Profondément impressionné par l’aura que procurait, à ses propres yeux de critique littéraire et d’écrivain sans grande envergure, une personnalité dont les ouvrages atteignaient pour lui des sommets inaccessibles, il vouait à Sola un amour excessif, abusif et possessif qu’elle était bien loin de vouloir lui accorder en retour même si elle avait, un moment, développé certains sentiments à son égard.
Retrouver l’esprit brillant avec lequel il avait pu un temps communier, imaginer que l’œuvre que Sola avait entamée ne pouvait pas s’achever ainsi, quand ses ouvrages précédents lui avaient paru ouvrir la porte d’une oeuvre plus immense encore, ne pas accepter la réalité d’une fin et la disparition évidente du dernier ouvrage qu’elle avait écrit : tels sont les sentiments qui sont les siens et qui lui font refuser d’assister à son incinération et élaborer son éloge funèbre.
Qui, pourtant, mieux que lui, pouvait la faire ?
Lui qui, à plusieurs reprises, avait été suffisamment présent dans la vie de Sola pour empêcher le geste ultime.

De l’incompréhension d’un geste dont il ne peut pas imaginer la justification tant il lui semble que la conscience de la dimension évidente de l’œuvre littéraire déjà réalisée aurait dû permettre à son auteur de passer outre tous les doutes et ne conduire qu’à de nouveaux aboutissements.
En passant par la compétition entre deux frères que tout sépare depuis l’enfance et que, même la mort d’un amour commun, ne contribuera pas à rapprocher vraiment.
En faisant le détour (mais était-ce vraiment nécessaire de nous imposer cette longue digression) par le journal intime du père de Sola, immigré iranien, lui-même vraisemblablement suicidé au terme d’une vie de doute, incapable d’assumer cette vie et ses contradictions.
En dévoilant tout le désastre d’un amour qui ne sait pas répondre aux attentes de l’objet de toutes ses attentions et de toutes ses pensées.
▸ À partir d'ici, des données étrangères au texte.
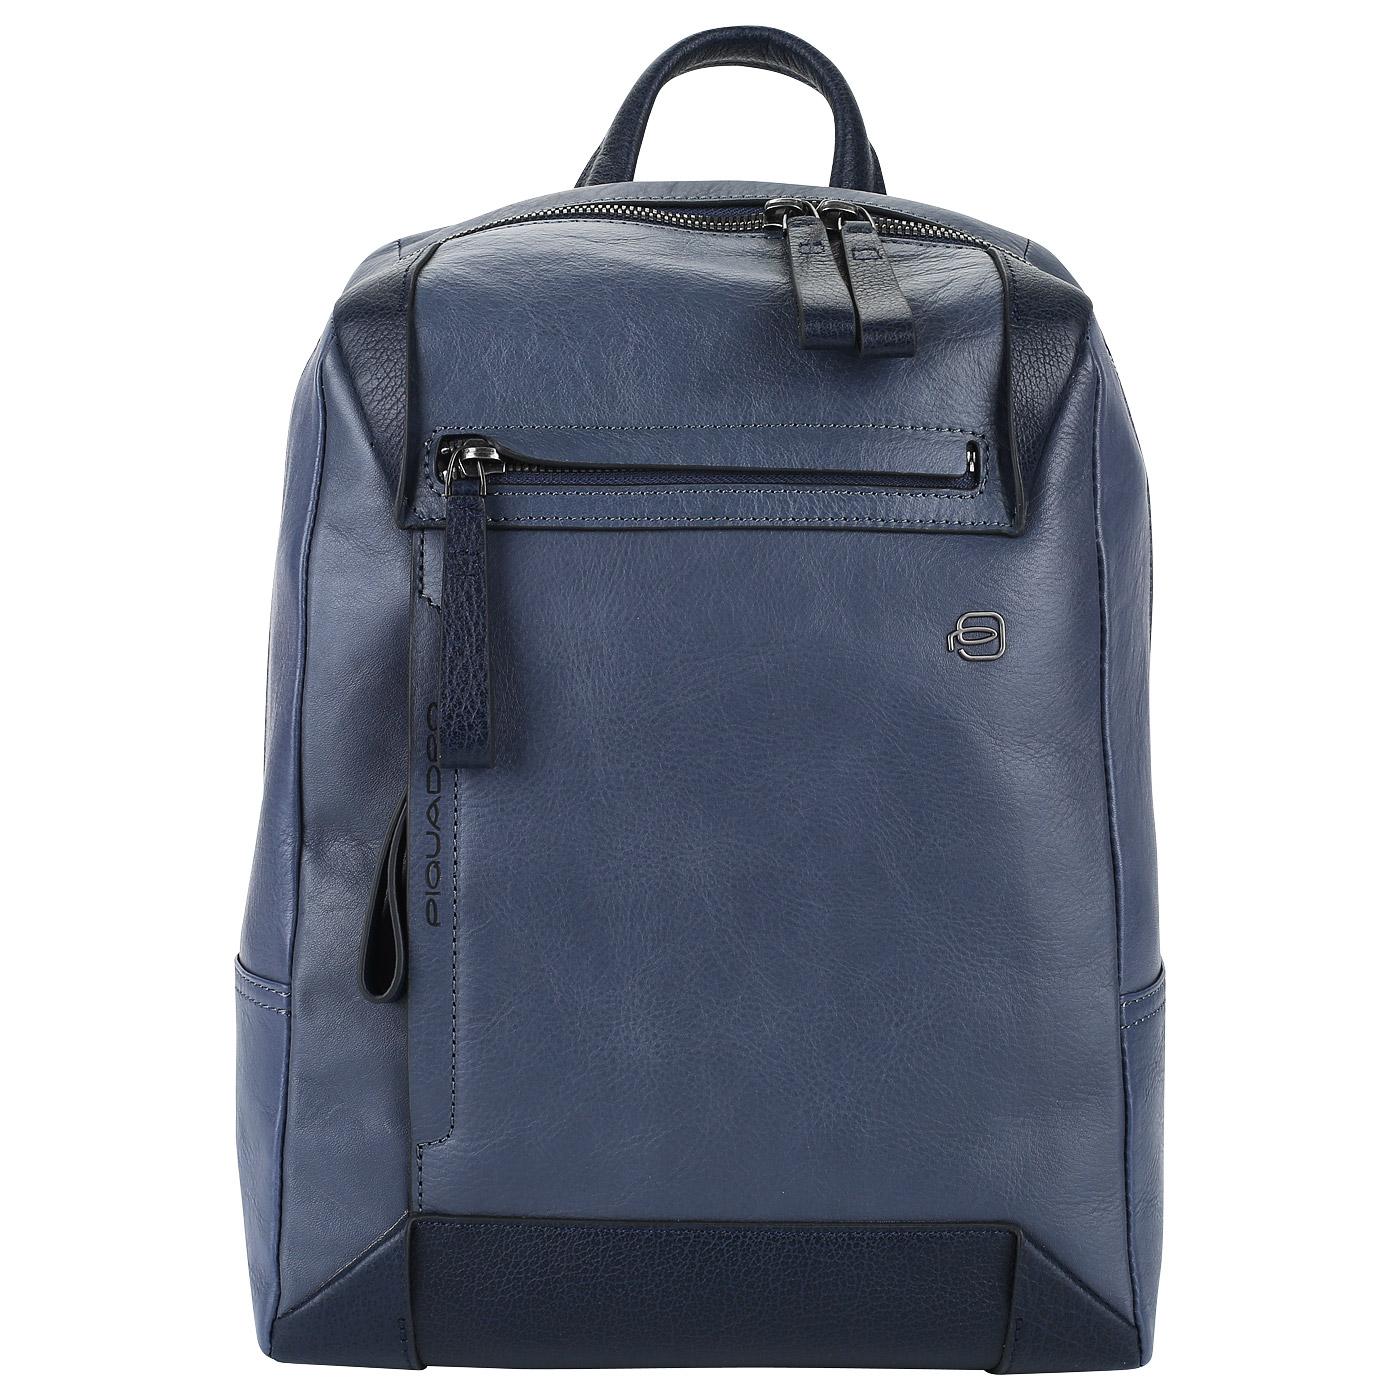 91e4a2f64ce8 Деловой рюкзак из натуральной кожи Piquadro Pan BD4300S94/AV ...

Trop exclusif (et trop égoïste par certains côtés) pour ne pas être capable de percevoir les angoisses bien trop prégnantes qui finiront par terrasser toute velléité de poursuite d’une œuvre.

Sombre, désespéré et désespérant parce que les explications à un geste terrible manquent, ce roman m’amène une question : comment Linda LÊ a-t-elle pu, en d’autre temps et d’autre lieu, écrire un ouvrage dont le titre est « Tu écriras sur le bonheur » ?!